4.3 Derivative of Inverse Function ΒΆ

Derivative of inverse function \(f^{-1}(x)\) of \(f(x)\) at \(x = a\).

$$ \notag \left. \dfrac{d}{dx} f^{-1}(x) \right\vert_{\displaystyle x = a} = \left. \left[ \dfrac{df}{dy} \right]^{-1} \right\vert_{\displaystyle y = f^{-1}(a)} $$

Procedure for Determining the derivative of the inverse

STEP 1: Given a, solve the following equation for y, in order to find \(y_a\), the solution of this equation.

$$ \notag a = f(y) $$

STEP 2: Compute the derivative of \(f(y)\) with respect to y at \(y = y_a\).

$$ \notag w = \left. \dfrac{d}{dy} f(y) \right\vert_{\displaystyle y = y_a} $$

STEP 3: Compute the value of the derivative of the inverse function of f(x) by taking the inverse of the previous result w.
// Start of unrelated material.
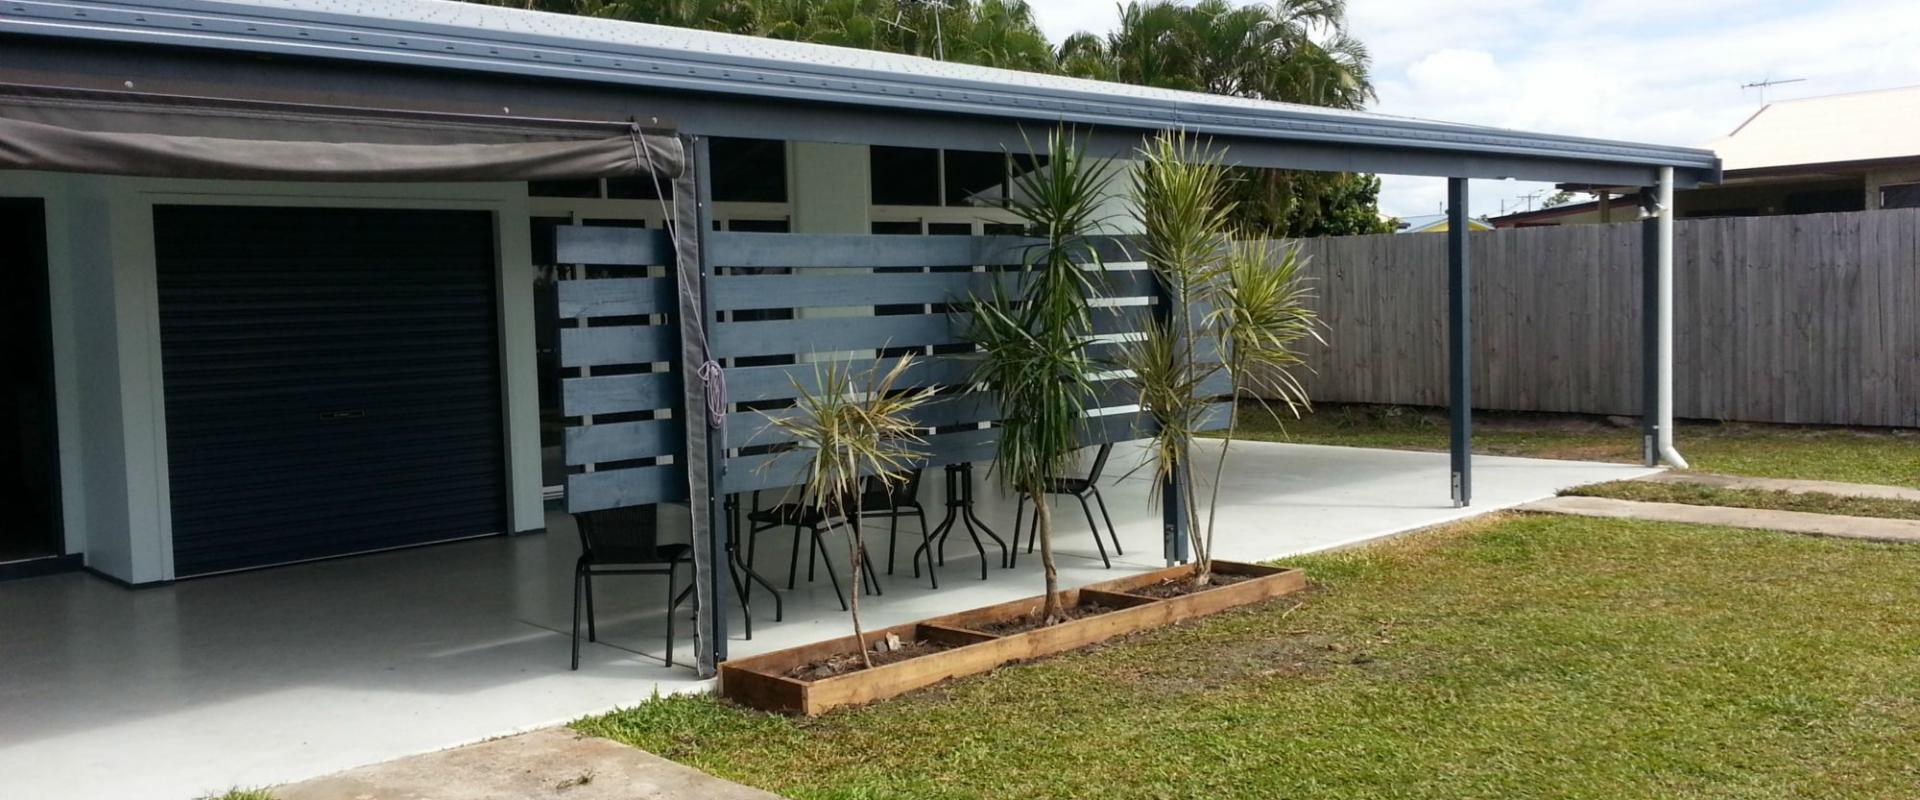 Kurrimine Beach Property Sales Easy Care 2 Bedroom Fully Air Con House

$$ \left. \dfrac{d}{dx} f^{-1}(x) \right\vert_{\displaystyle x = a} = \frac{1}{w} $$

Examples

4.4 Chain Rule ΒΆ

Chain rule for function of one variable

This notation explicitly states that the in the right-hand side of the equation f is expressed as function of u and not as function of x.

$$ \dfrac{d}{dx} f(u(x)) = \left[ \dfrac{d}{du} f(u) \right] \dfrac{du}{dx} $$

Concise notation for chain rule for functions of a single variable

$$ \dfrac{d}{dx} f(u(x)) = \dfrac{df}{du} \dfrac{du}{dx} $$

Chain rule for function of multi-variable functions

$$ \dfrac{d}{dt} f(x(t), y(t)) = \dfrac{\partial f}{\partial x} \dfrac{dx}{dt} + \dfrac{\partial f}{\partial y} \dfrac{dy}{dt} $$

Chain rule for coordinate changing

Let f be function of \(x\) and \(y\). A new coordinate is introduced withcoordinates \(v\) and \(w\) in a way that \(x = x(v, w)\) and \(y = y(v, w)\). The partial derivative of f with respect to the new coordinate \(v\), \(w\) can be determined as:

$$ \begin{split} x &= x(v, w) \quad y = y(v, w) \\ \frac{\partial f}{\partial v} &= \frac{\partial f}{\partial x} \frac{\partial x}{\partial v} + \frac{\partial f}{\partial y} \frac{\partial y}{\partial v} \\ \frac{\partial f}{\partial w} &= \frac{\partial f}{\partial x} \frac{\partial x}{\partial w} + \frac{\partial f}{\partial y} \frac{\partial y}{\partial w} \\\end{split} $$

Examples

4.5 Tangent Line Equation ΒΆ

The derivative can be used for obtaining the tangent line equation \(\eqref{eqtanget_diff}\) to a curve represented by a function f(x) at a particular point, where \(\alpha \in \mathbb{R}\) and \(\beta \in \mathbb{R}\) are the coefficients of the line equation.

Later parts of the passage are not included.